Book Review: North Korea’s Juche Myth

Myers has taken an odd approach to writing about North Korean politics: originally a literary critic and expert on North Korean literature, he has turned to analyzing North Korean propaganda more broadly in his 2010 work, The Cleanest Race which seeks to describe the governing ideology of North Korea. He published his most recent book, North Korea’s Juche Myth, this past August as a follow-up and expansion of some of the concepts of The Cleanest Race. Both pieces advance some of the same ideas, claiming that most observers of the DPRK describe it as having one of three ideologies: communism; Juche, an indigenous ideology of self-reliance; or none, believing that ideology no longer matters in North Korea. The DPRK has not officially espoused communism since the 1990s, so most academics who study North Korea fall into the latter two camps (Juche or none). B. R. Myers believes that Juche is a smokescreen, designed to hide the fact that racial nationalism, inspired by the imperial Japanese occupation, is what motivates the DPRK government.

Myers argues that it is important not to fall for the “Juche myth” because thinking that the North Korean government is primarily motivated by a desire for self-reliance might suggest that the North Korean regime, in its current state, would be content with both a detente with the United States and with relinquishing its claim to be the only legitimate government of the Korean people. In particular, Myers disagrees with the assertion by Bruce Cummings, an American scholar of Korean history, that the DPRK wants the United States to stay involved and “to keep the South from swallowing it [North Korea].” Instead, Myers holds that North Korean racial nationalism means that the government will continue to derive legitimacy from opposition to the United States, which it sees as occupying the South and upholding a puppet regime there.

juche_wikimediaWhile The Cleanest Race focuses on criticism of North Korean propaganda, Juche Myth is more of a historical work. In The Cleanest Race, Myers had set out to explain his views of North Korean ideology as being racially nationalistic, and also maternalistic rather than paternalistic in nature, with the Dear Leader as a much-needed protector of the morally pure Koreans who can not survive in the world without a strong leader. Juche Myth is more of an academic work, employing a wide variety of Korean-language academic writing and news media to take on the specific task of refuting the claim that that Juche has been a real governing ideology for the DPRK.
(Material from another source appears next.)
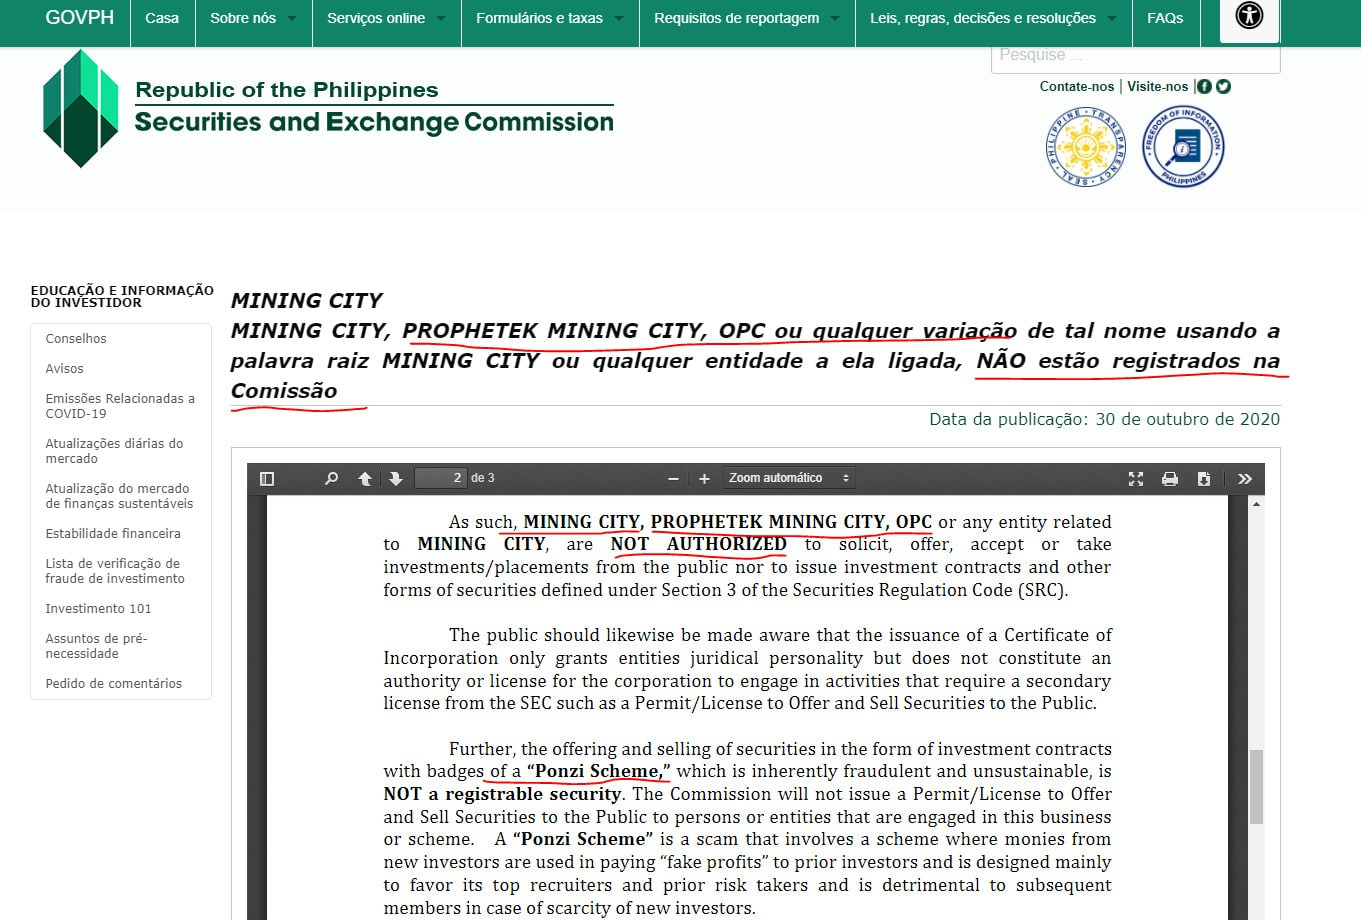 MINING CITY, PROPHETEK MINING CITY, OPC ou qualquer variação de tal nome usando a palavra raiz MINING CITY ou qualquer entidade a ela ligada, NÃO estão registrados na Comissão

Myers disagrees with many Western observers of the DPRK, including Columbia University’s own Charles Armstrong, professor of history, that Juche-as-ideology began in a speech given by Kim Il-sung in 1955. The Korean word Juche literally means “subject,” and Myers maintains that Kim Il-sung’s 1950s and 60s references to “the subject” are simply Kim’s description of how he is applying the theory of Marxism-Leninism to the Korean nation, rather than the establishment of a new ideology. Accordingly, while Armstrong in his 2013 Tyranny of the Weak translates part of the title of Kim’s 1955 speech as “Establishing Juche in Ideological Work,” Myers uses “Establishing the Subject in Ideological Work.” Myers prefers to translate the word juche directly, believing that it makes the concept seem less foreign and more banal, much the way he says that it seems to most Koreans. Myers explains that what Kim meant by “Establishing the Subject” is not the establishment of a new ideology, but simply the application of Marxism-Leninism to the local context, as was the norm in all Communist Bloc countries. This local context is “subjective,” in the sense of something that is not universal, explaining why the North Koreans used the word “subject” frequently in their discussions of applying Communist ideology to North Korea.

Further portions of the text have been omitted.